■ **What is expected**: Give the data again exactly, without images.

■ **Raw data**:
· · · · ·

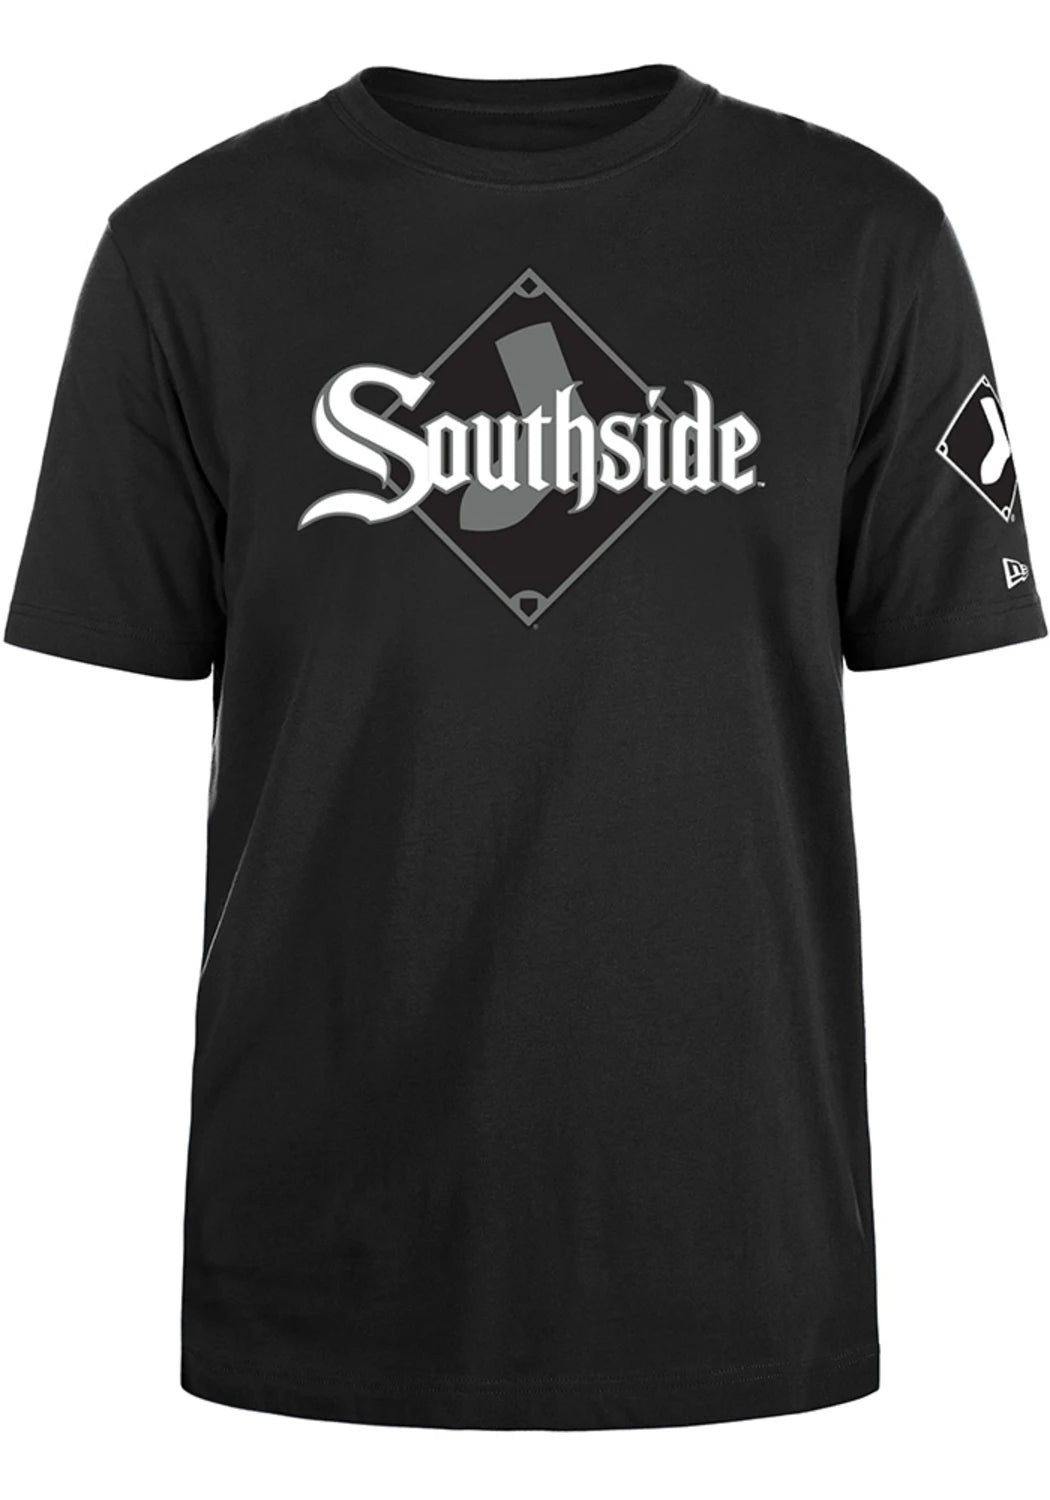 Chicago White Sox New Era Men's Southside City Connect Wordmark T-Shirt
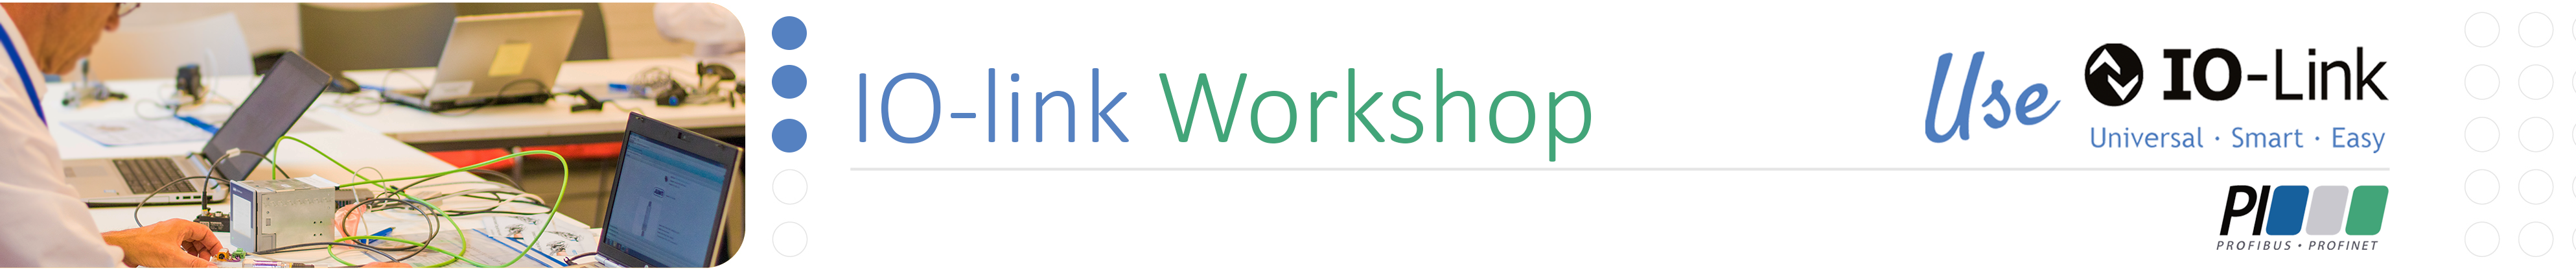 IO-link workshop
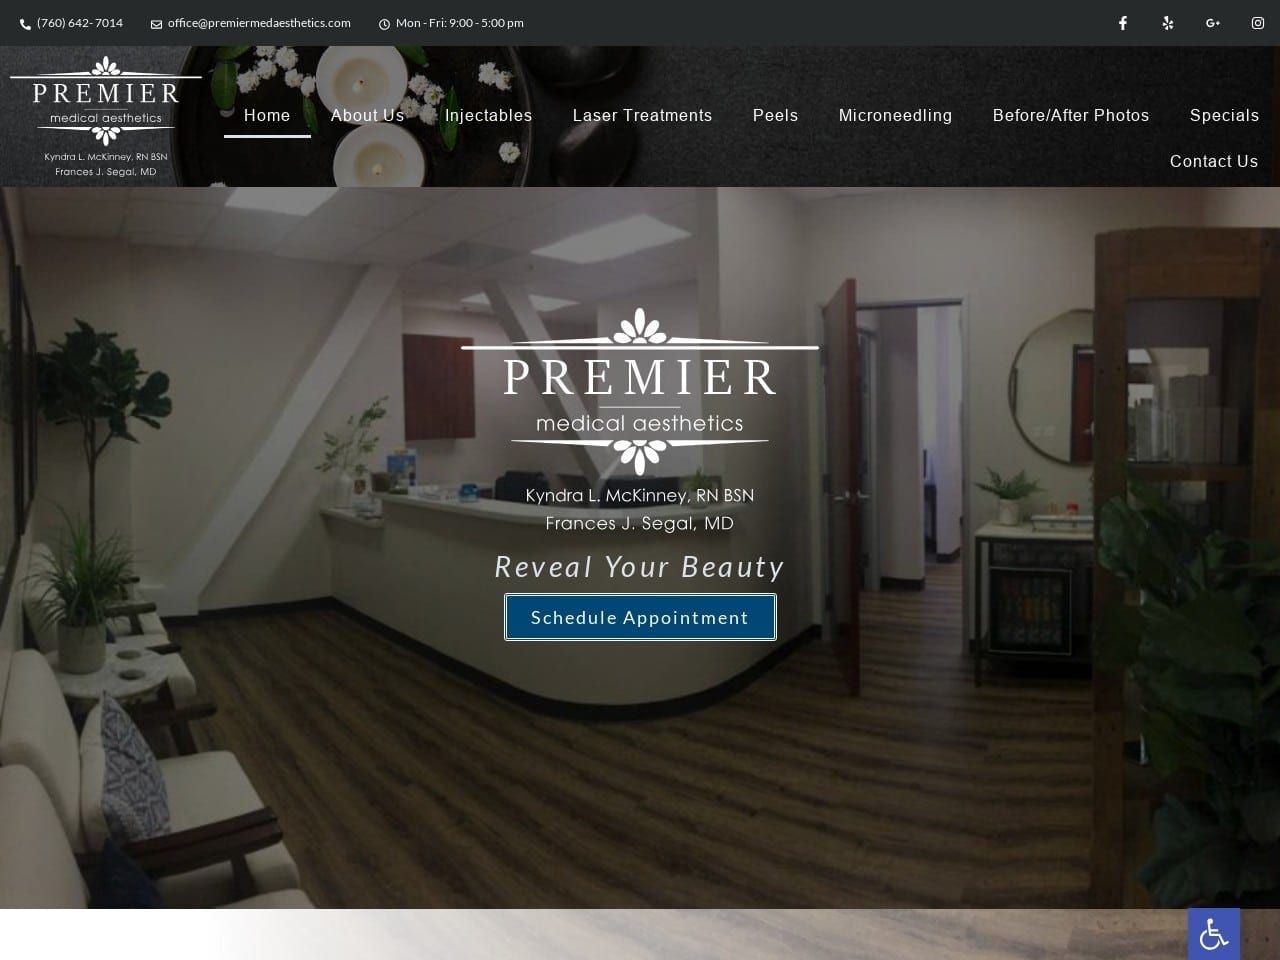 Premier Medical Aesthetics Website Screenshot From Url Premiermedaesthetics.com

· · · · ·

■ **Exercise result**:
 Chicago White Sox New Era Men's Southside City Connect Wordmark T-Shirt
 IO-link workshop
 Premier Medical Aesthetics Website Screenshot From Url Premiermedaesthetics.com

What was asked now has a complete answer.